_Task goal_:
The entries below should be repeated exactly, with no pictures carried over.

Stored items from a collection
● ● ● ●
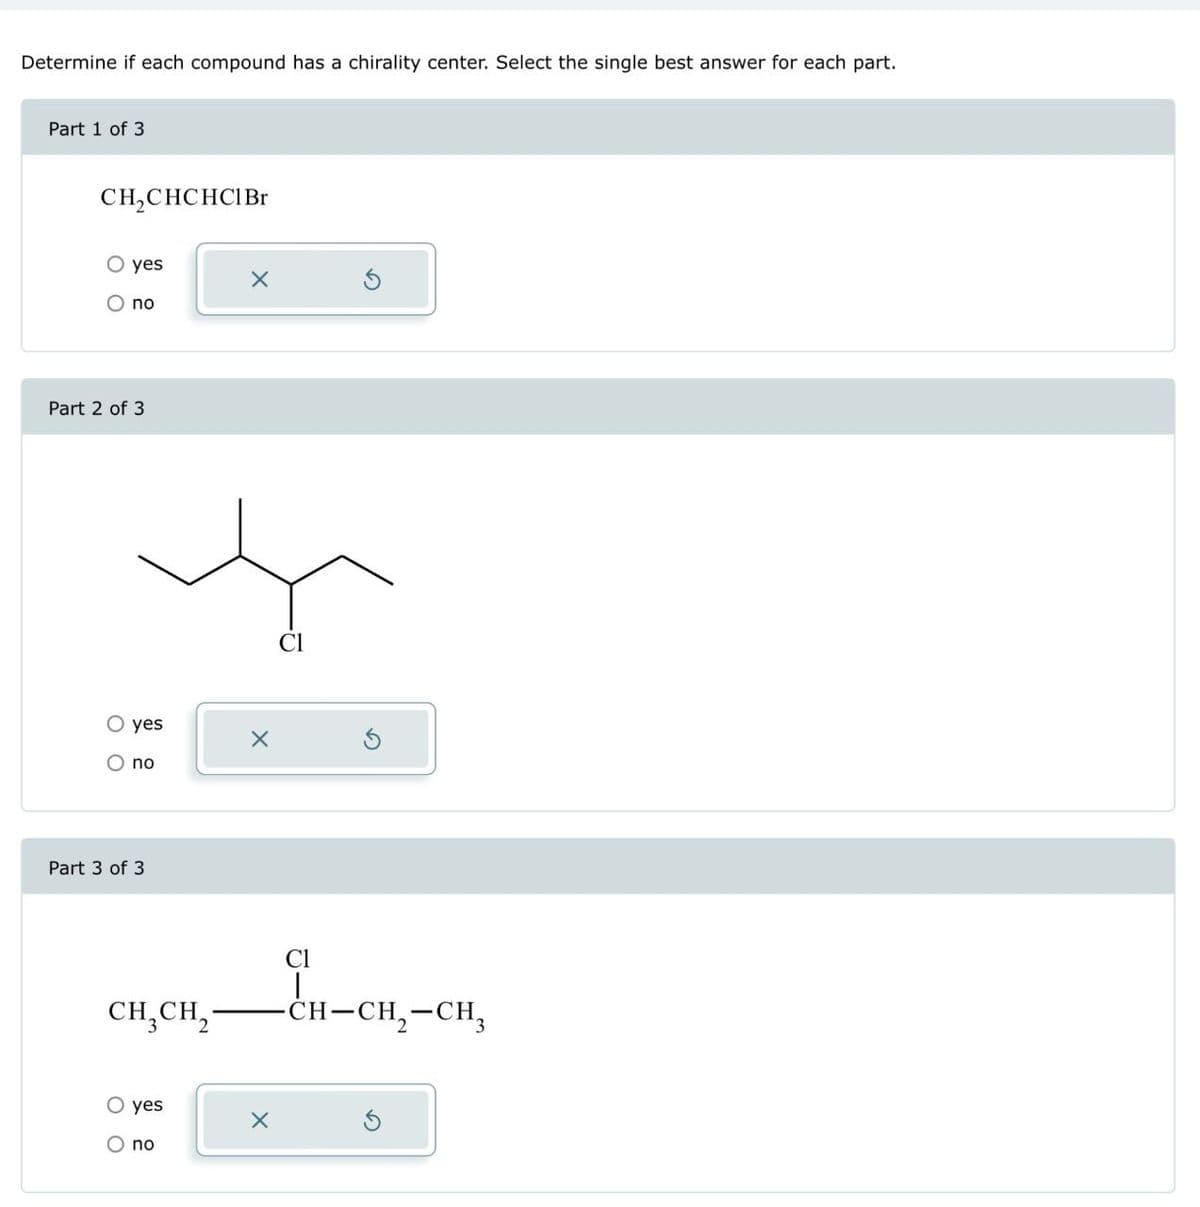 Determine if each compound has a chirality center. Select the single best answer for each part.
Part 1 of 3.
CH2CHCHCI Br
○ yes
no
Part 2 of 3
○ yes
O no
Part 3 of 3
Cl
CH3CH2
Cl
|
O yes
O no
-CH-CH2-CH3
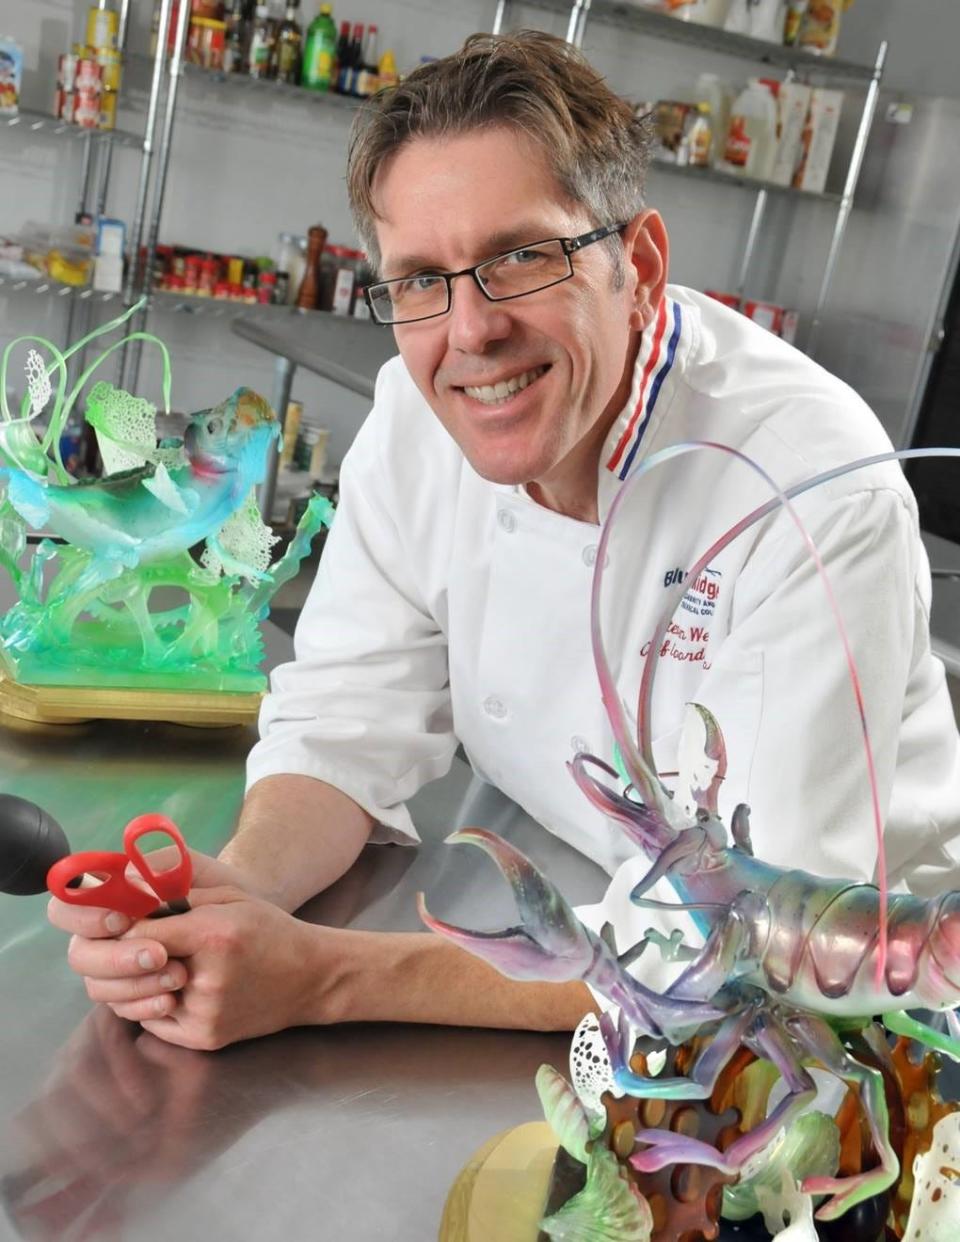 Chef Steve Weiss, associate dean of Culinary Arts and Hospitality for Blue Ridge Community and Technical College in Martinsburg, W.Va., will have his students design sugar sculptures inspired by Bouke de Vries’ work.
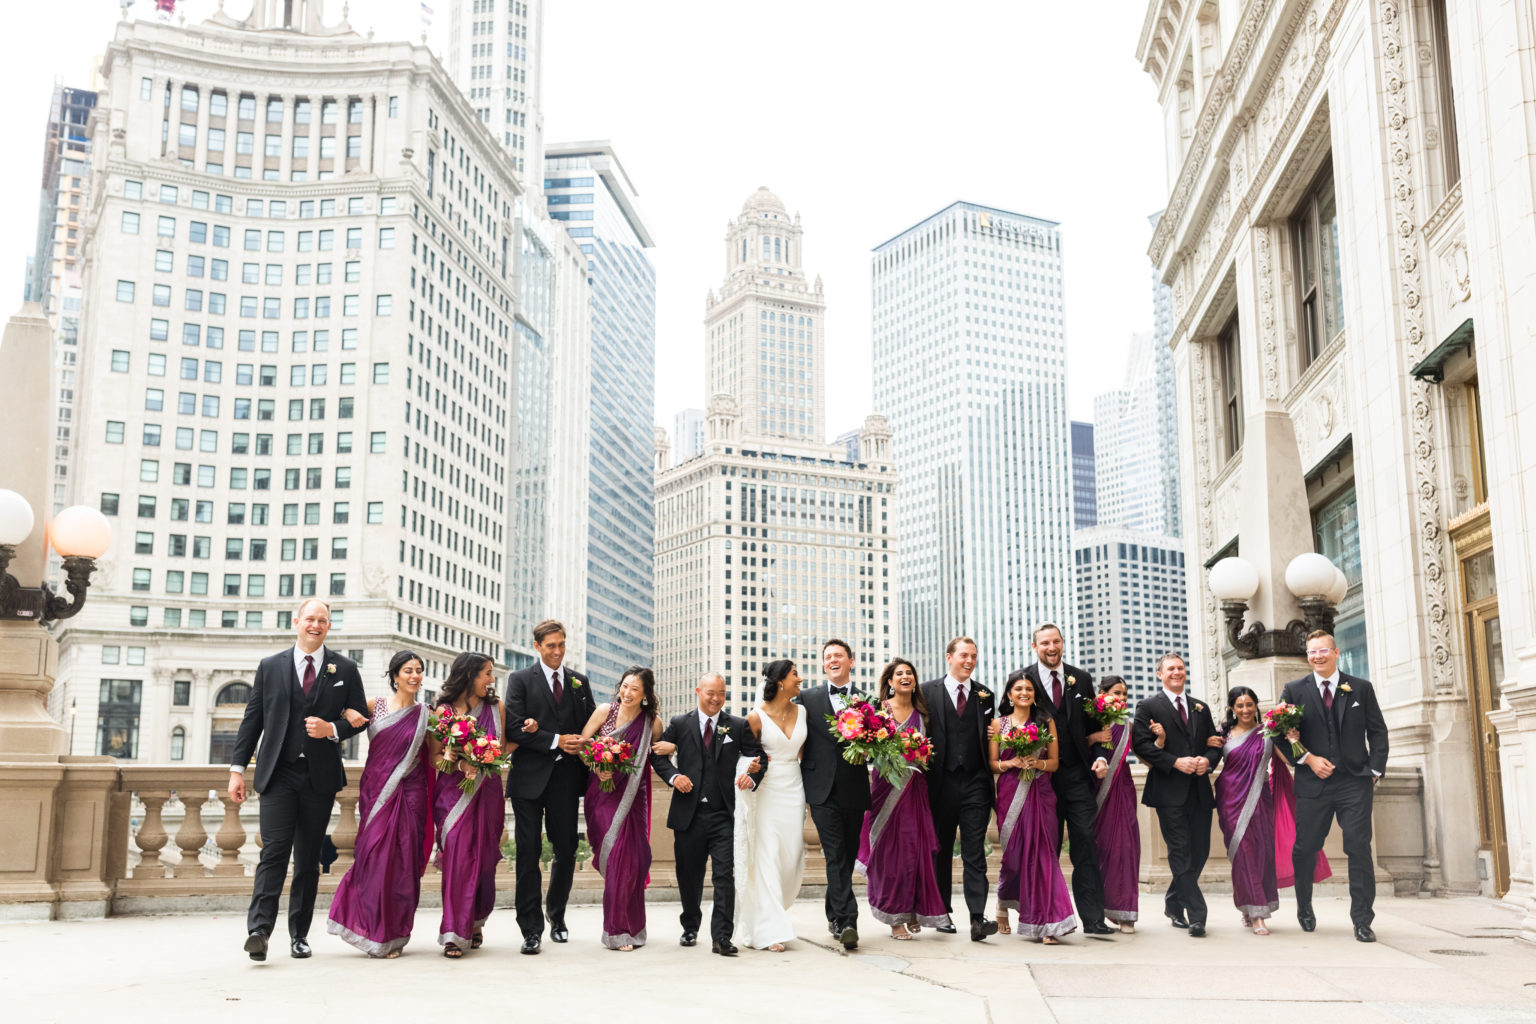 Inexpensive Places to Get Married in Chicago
● ● ● ●
_Output for this exercise_:
 Determine if each compound has a chirality center. Select the single best answer for each part.
Part 1 of 3.
CH2CHCHCI Br
○ yes
no
Part 2 of 3
○ yes
O no
Part 3 of 3
Cl
CH3CH2
Cl
|
O yes
O no
-CH-CH2-CH3
 Chef Steve Weiss, associate dean of Culinary Arts and Hospitality for Blue Ridge Community and Technical College in Martinsburg, W.Va., will have his students design sugar sculptures inspired by Bouke de Vries’ work.
 Inexpensive Places to Get Married in Chicago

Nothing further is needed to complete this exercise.